Rogo Centocelle, trovata senza vita la moglie del responsabile

Tragica fine per la consorte del bosniaco condannato per il rogo Centocelle, in cui persero la vita tre sorelline rom

Nuovi sviluppi nella vicenda del rogo Centocelle. E’ stato infatti rinvenuto esanime il corpo di una donna di 28 anni, moglie di uno dei condannati per quell’episodio. A quanto si apprende, sarebbe stata lei stessa ad uccidersi tramite impiccagione. Gli inquirenti pensano che all’origine del gesto ci sarebbe la disperazione, troppo forte da sopportare, per la vicenda che ha coinvolto il marito. Risiedeva anche lei anche nel campo teatro dell’incendio, che dopo la tragedia aveva lasciato per non rischiare ritorsioni dai familiari delle vittime. La sua morte apre ora un dramma per i suoi figli, ben quattro, ai quali non è rimasto più nessuno su cui poter contare.

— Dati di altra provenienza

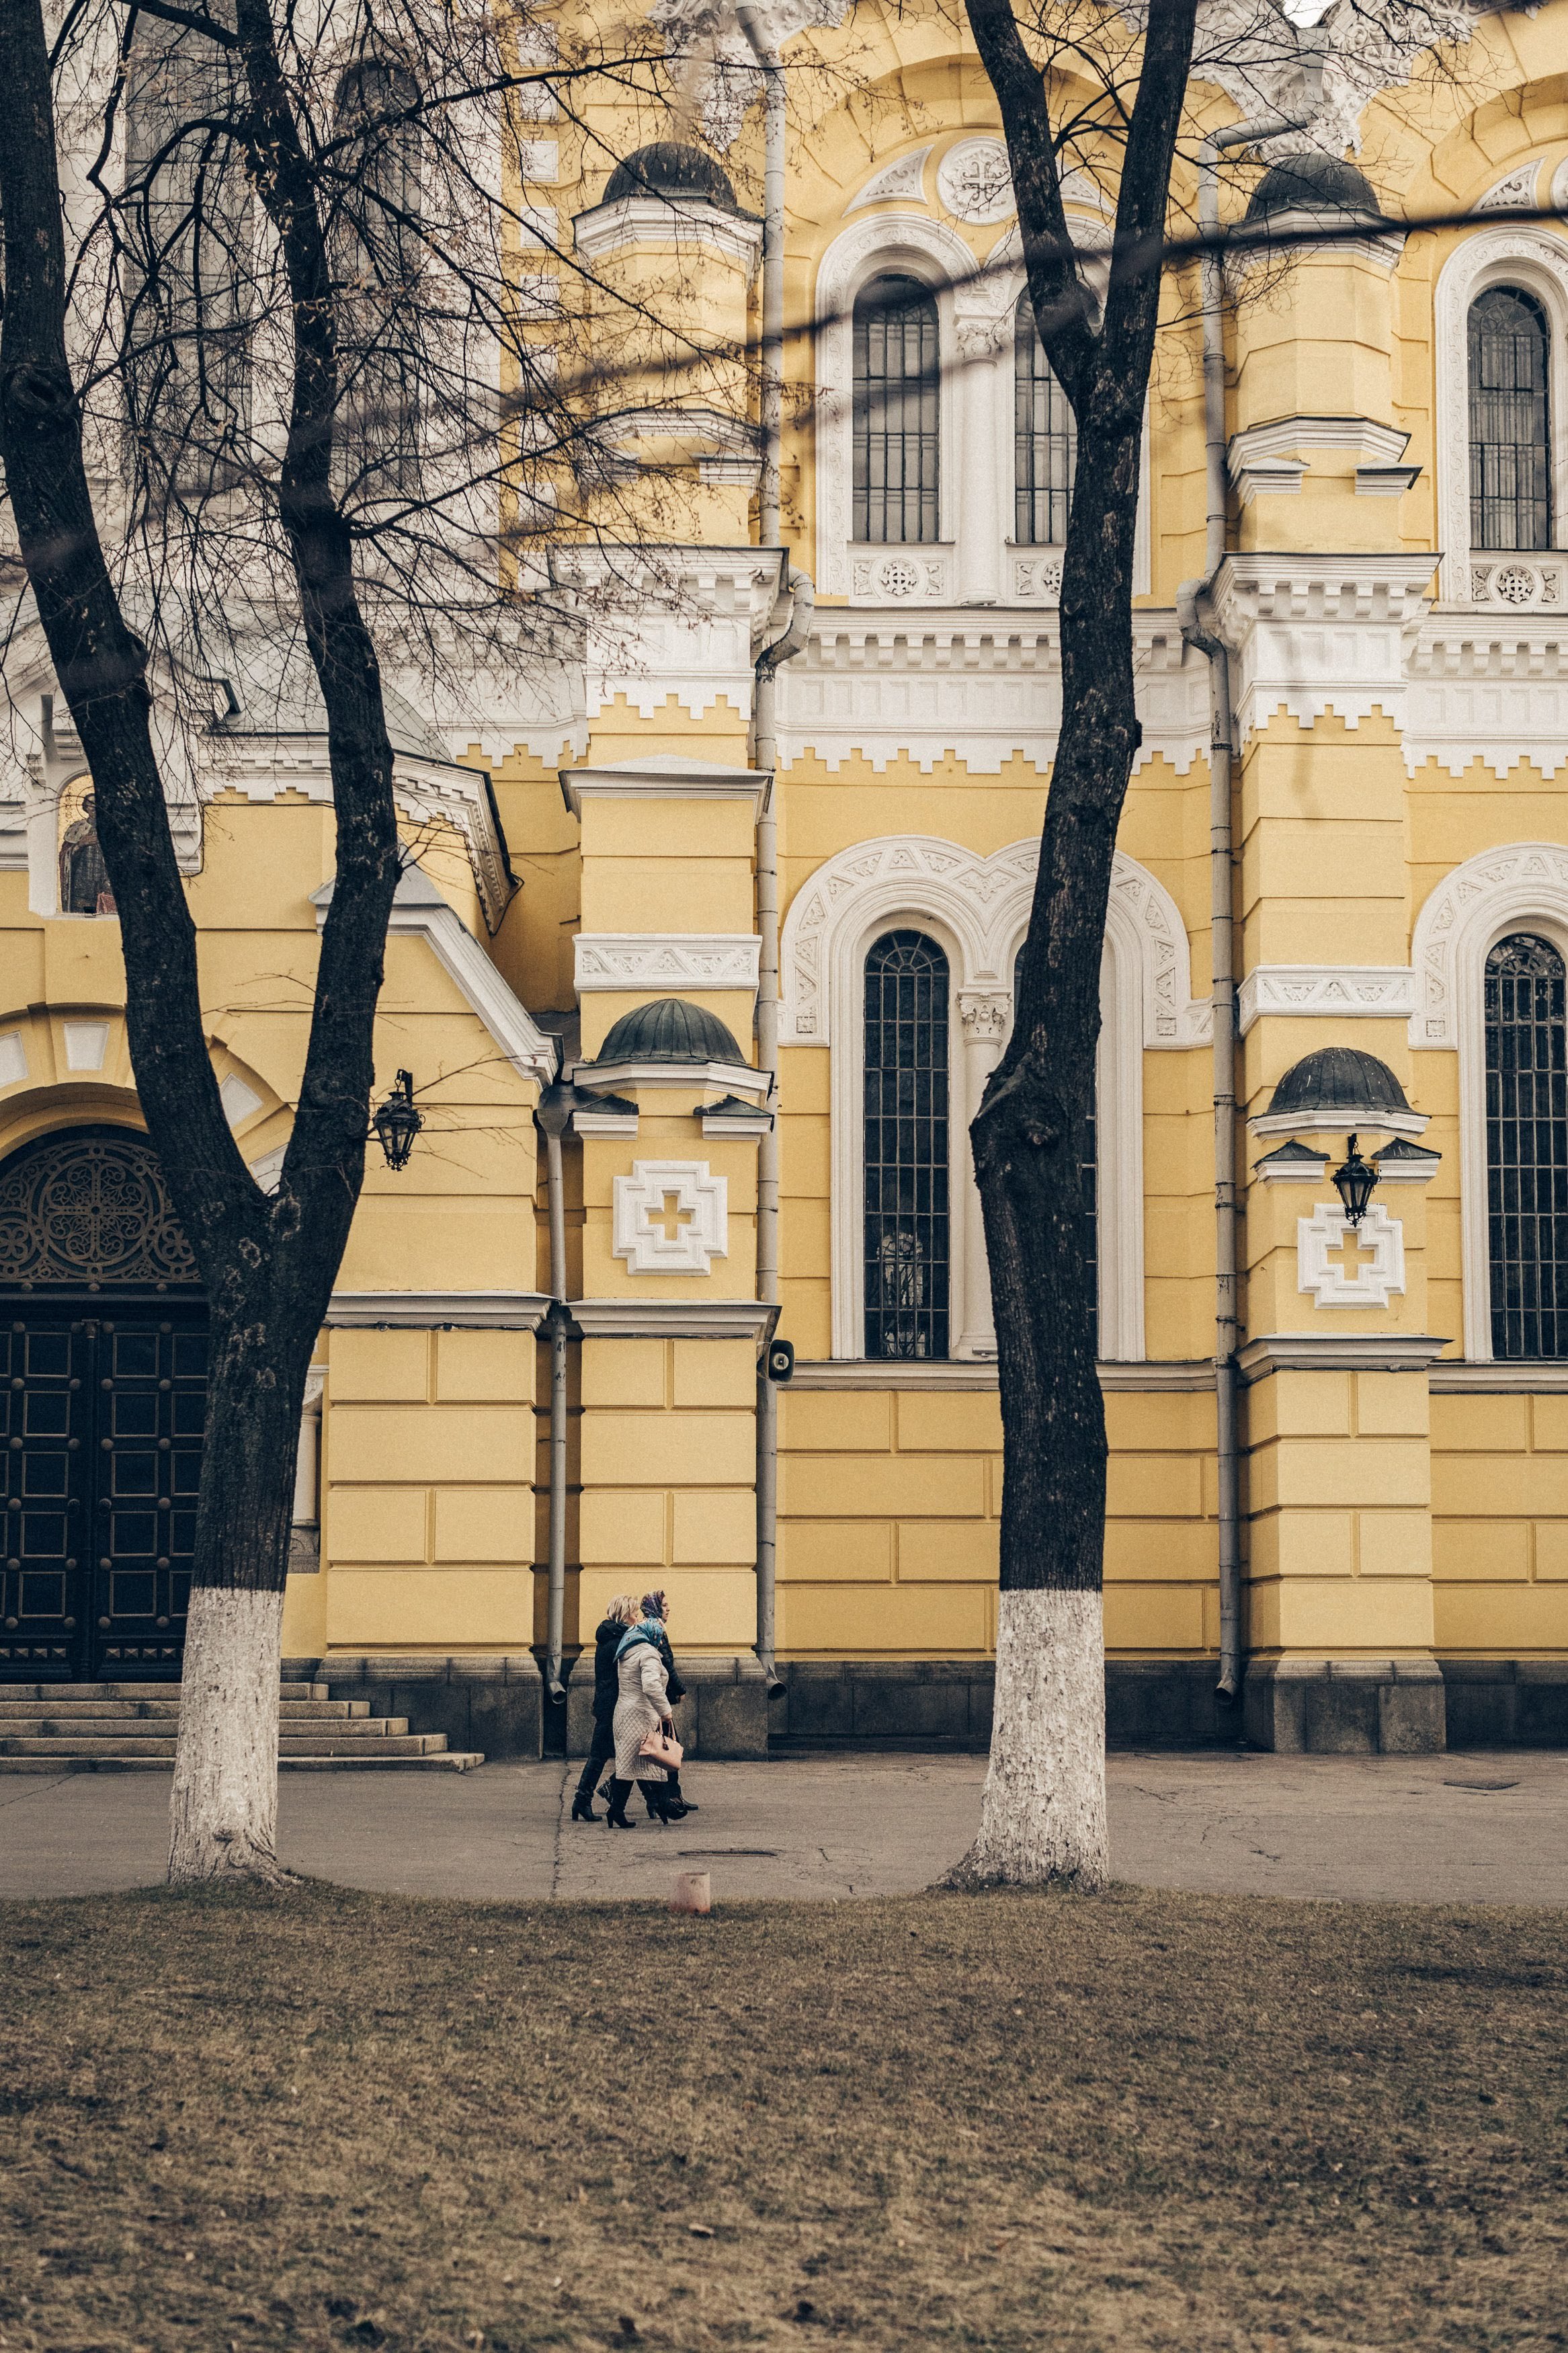 2019-3-8 Kiev, Urkaine - Jack Robert Photography (15 of 42).jpg

Il padre si trova infatti attualmente in carcere, dove dovrà restare per i prossimi 30 anni: è accusato di aver partecipato al raid del maggio 2017, culminato con una molotov indirizzata contro la roulotte abitazione delle tre sorelle morte. Insieme a lui, sono stati coinvolti nell’azione anche i due fratelli, uno dei quali minorenne e autore materiale del lancio dell’ordigno. Un gesto che i tre avrebbero compiuto per vendicarsi di un’estorsione subita da parte del padre delle giovani vittime.